How about this? The accumulation of material wealth is not now, nor has it ever been, an indication of God’s blessing. Nor is poverty an indication of God’s chastening.

Let me list several truths that are crucial to a biblical philosophy regarding material wealth.

  • It is essential that we make a clear distinction between the temporal value of earthly possessions and the eternal value of heavenly treasures. Once we resolve that issue material wealth becomes much less important. We will no longer view it as a measure of God’s blessing. Instead, it becomes a means to accomplish God’s will.
  • All men receive the same opportunity to gain wealth when they operate according to the laws God has established to make society function properly. The law of “sowing and reaping” applies in every area of our lives, including finances. The emphasis, however, is never on material prosperity, nor is reaping the primary focus. We are commanded to embrace the “mind” of Christ, who humbled Himself, became a servant, and lived and died to redeem those who were unworthy of His sacrifice (Philippians 2:5-8). Philippians 2:9 states that “God also hath highly exalted him,” but the exalted status was the consequence rather than the primary goal of His life. Will we be rewarded if we live such a life? Absolutely, but the rewards will be spiritual in nature, and probably won’t be realized in this life.
  • God, in His sovereignty, chooses to provide a level of financial security that exceeds basic needs for many believers. However, those believers are not chosen because they are more worthy (just as wealthy unbelievers are not chosen because of their merit), nor are those who receive less prosperity less worthy. We are to receive, with thanksgiving, whatever God chooses to give us, which is always far more than we deserve.
  • It is not wrong to enjoy whatever level of prosperity God grants us. I Timothy 6:17 says that it is God “who giveth us richly all things to enjoy.” It is wrong to resent not having what we want. Contentment is the spiritual goal, and it’s not achieved by getting what we want. Contentment is the result of wanting what God has chosen to give us.
  • Scripture never says that God intends for all believers to enjoy material prosperity, and believers should never make its pursuit a priority. We are to seek “first the kingdom of God, and his righteousness” (Matthew 6:33). If in the process God chooses to allow an accumulation of material goods, we should rejoice.
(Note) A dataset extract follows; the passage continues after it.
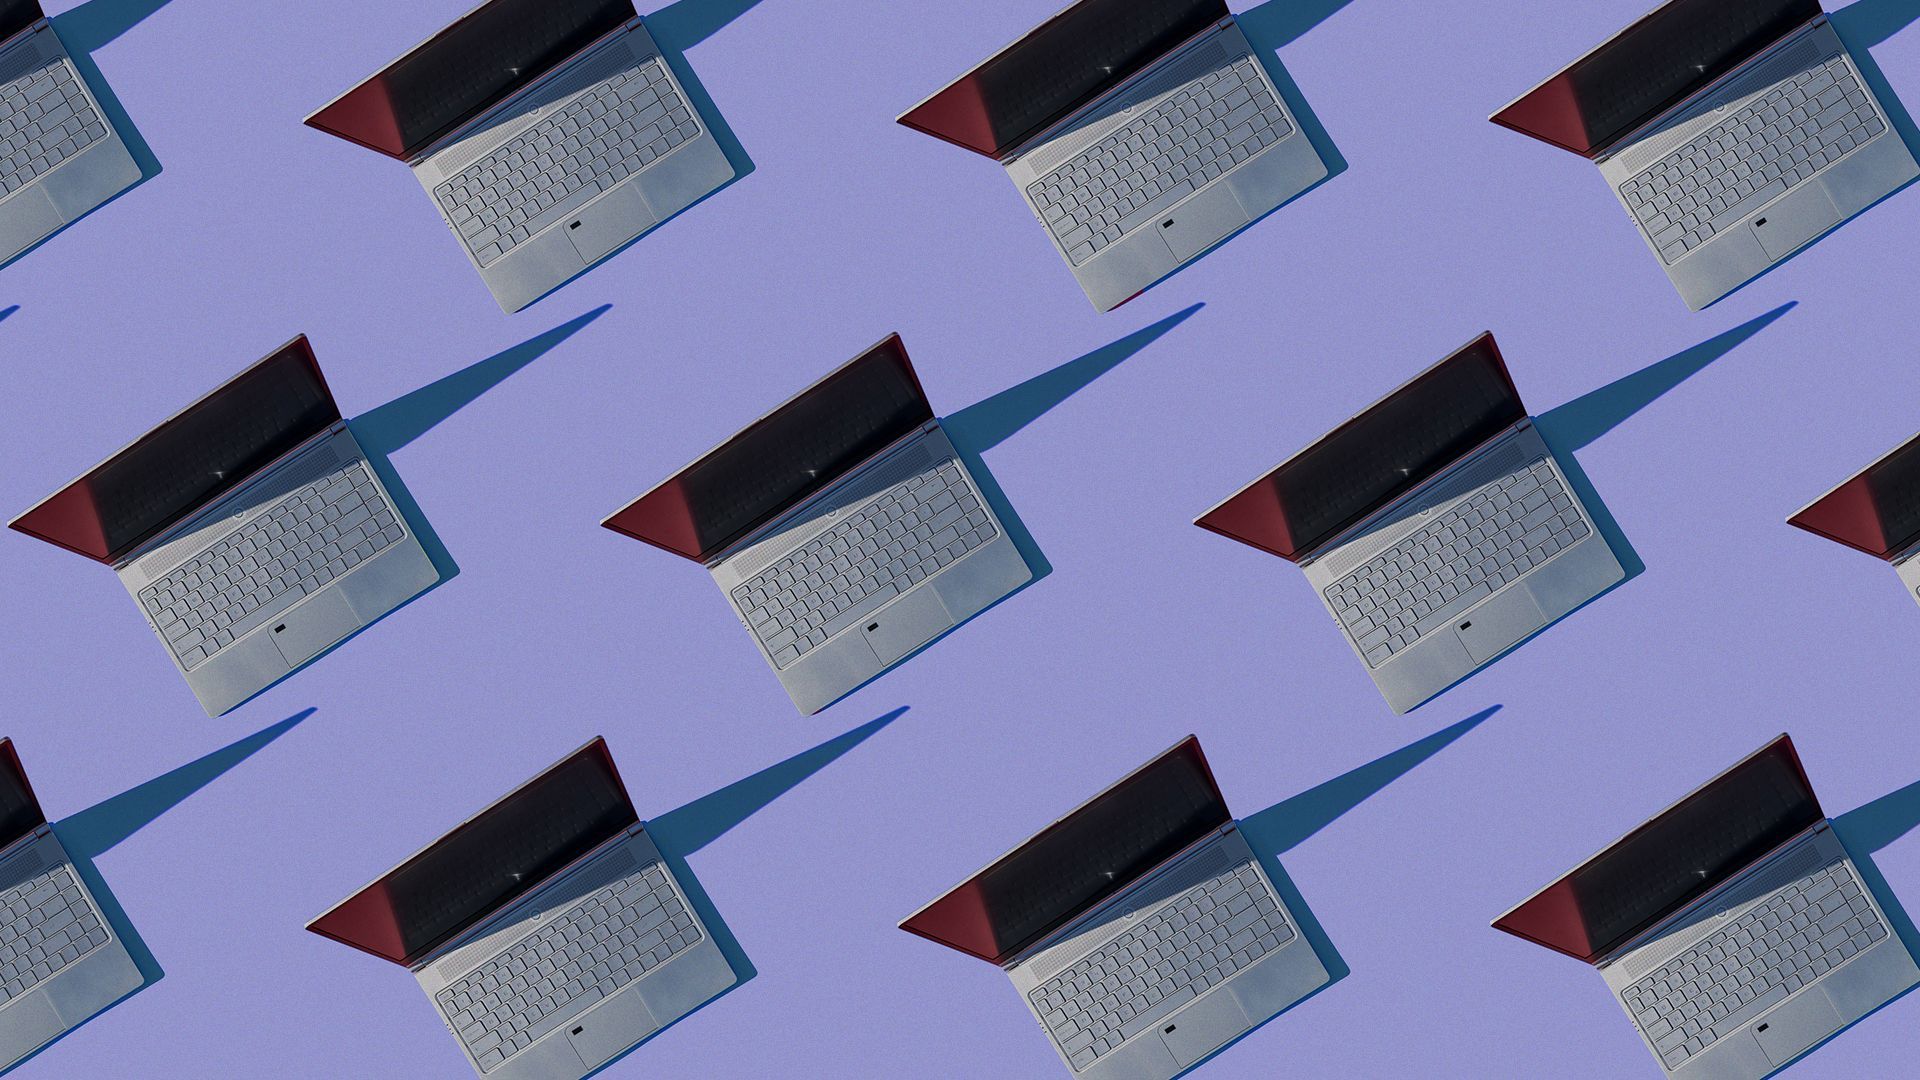 Illustration of top down view of opened laptops in a grid pattern.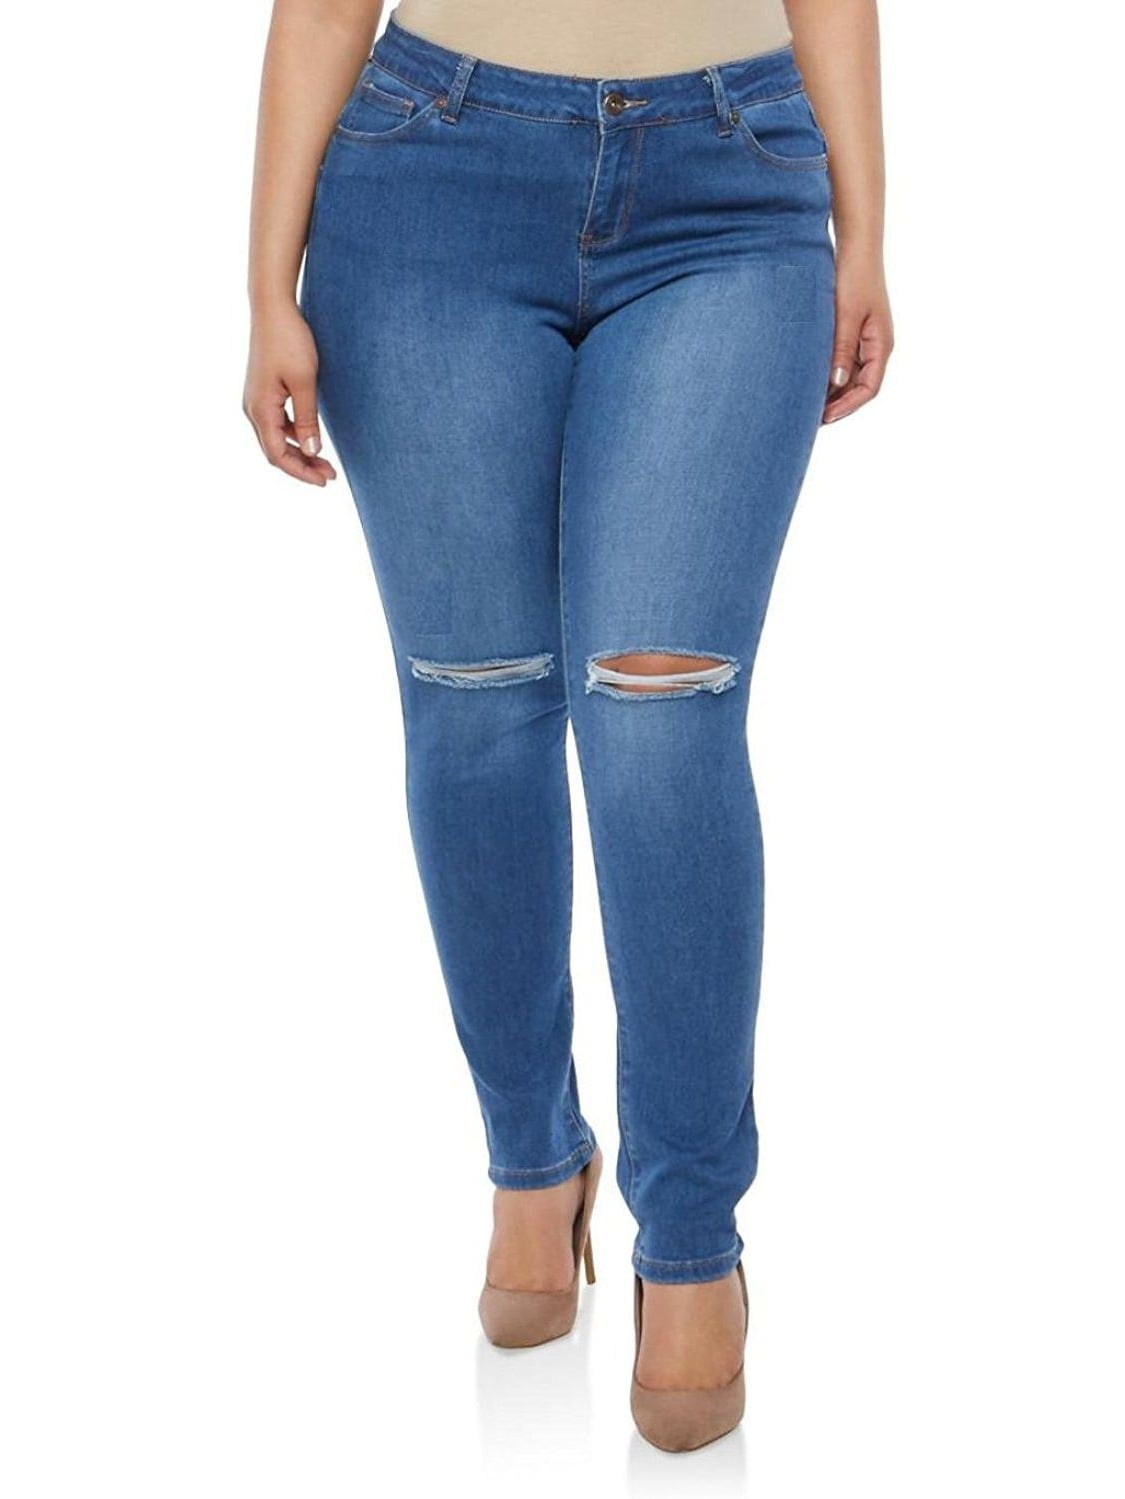 Jeans Womens Plus Size Distressed Knee Hole Ripped Stretch Jeans Skinny ...

If He chooses to do no more than provide for our basic needs, we should rejoice.

The Apostle Paul summed it up in his letter to the church at Philippi as he was expressing his gratitude for their generosity when caring for him:

Not that I speak in respect of want: for I have learned, in whatsoever state I am, therewith to be content. I know both how to be abased, and I know how to abound: every where and in all things I am instructed both to be full and to be hungry, both to abound and to suffer need. I can do all things through Christ which strengtheneth me. (Philippians 4:11-13)

If, as so many prosperity preachers claim, health, wealth and fame are evidence of God’s blessing, then Hugh Hefner must be doing everything right. Yet every believer has wealth far exceeding that of Hugh Hefner, or Steve Jobs. The problem is that Hefner doesn’t realize how poor he really is, nor did Steve Jobs. Stranger still is the fact that many believers fail to recognize their wealth in Christ. Instead, they live lives of frustration and disappointment, wondering what they have done to incur God’s displeasure, while envying the prosperity of others.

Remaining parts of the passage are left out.